🤖 AI Summary
Crystal property prediction faces challenges including high experimental and DFT computational costs, reliance of existing ML models on scarce labeled data, weak structural representation capability, and insufficient physical consistency. This work introduces the first physics-informed Transformer foundation model for crystals. First, we propose Symmetry-Consistent Order-Parameter Encoding (SCOPE), a coordinate-free, symmetry-preserving string-based representation unifying space group, Wyckoff positions, and composition for high-fidelity, interpretable lattice encoding. Second, we introduce the CLOUD-DEBYE framework, which differentiably embeds the Debye model to ensure thermodynamically consistent temperature-dependent property prediction. Third, leveraging over 6 million crystal structures for self-supervised pretraining and multi-task fine-tuning, our model achieves state-of-the-art performance across downstream tasks. Notably, it enables zero-shot prediction of phonon internal energy and heat capacity with superior generalization and physical consistency compared to prior methods.
📝 Abstract
The prediction of crystal properties is essential for understanding structure-property relationships and accelerating the discovery of functional materials.

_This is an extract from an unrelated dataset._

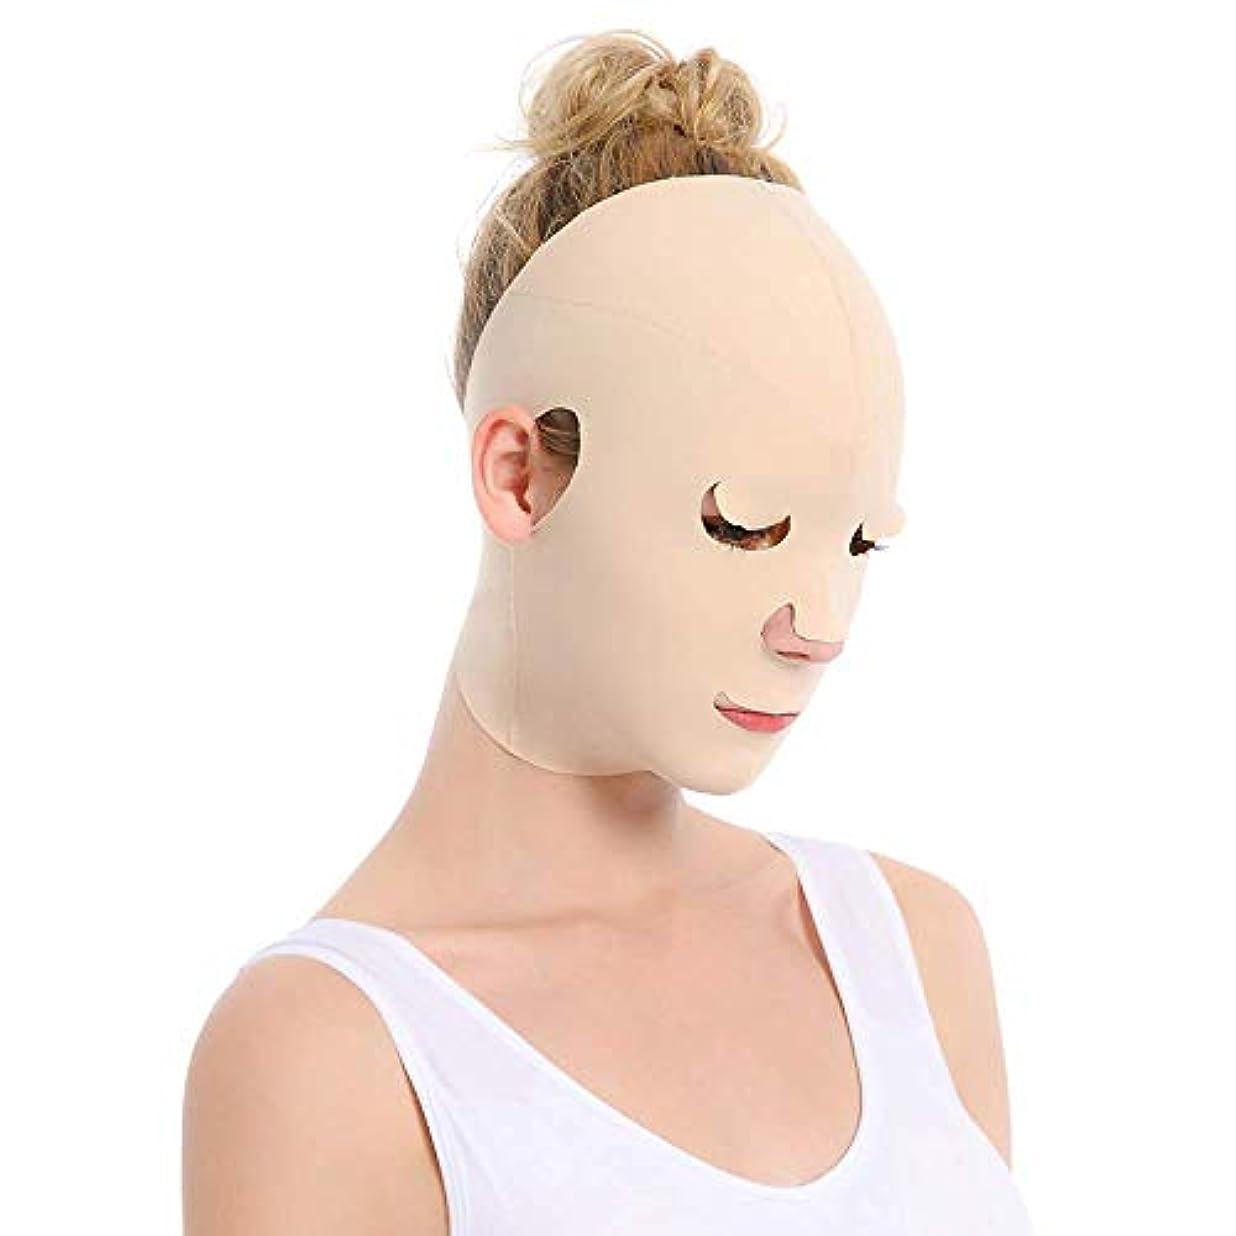 スモールフェイスツールVフェイス包帯シンフェイスビューティーマスクレイジースリープマスク男性と女性Vフェイス包帯整形リフティング引き締めフェイスシンダブルチン

However, conventional approaches relying on experimental measurements or density functional theory (DFT) calculations are often resource-intensive, limiting their scalability. Machine learning (ML) models offer a promising alternative by learning complex structure-property relationships from data, enabling faster predictions. Yet, existing ML models often rely on labeled data, adopt representations that poorly capture essential structural characteristics, and lack integration with physical principles--factors that limit their generalizability and interpretability. Here, we introduce CLOUD (Crystal Language mOdel for Unified and Differentiable materials modeling), a transformer-based framework trained on a novel Symmetry-Consistent Ordered Parameter Encoding (SCOPE) that encodes crystal symmetry, Wyckoff positions, and composition in a compact, coordinate-free string representation. Pre-trained on over six million crystal structures, CLOUD is fine-tuned on multiple downstream tasks and achieves competitive performance in predicting a wide range of material properties, demonstrating strong scaling performance. Furthermore, as proof of concept of differentiable materials modeling, CLOUD is applied to predict the phonon internal energy and heat capacity, which integrates the Debye model to preserve thermodynamic consistency. The CLOUD-DEBYE framework enforces thermodynamic consistency and enables temperature-dependent property prediction without requiring additional data. These results demonstrate the potential of CLOUD as a scalable and physics-informed foundation model for crystalline materials, unifying symmetry-consistent representations with physically grounded learning for property prediction and materials discovery.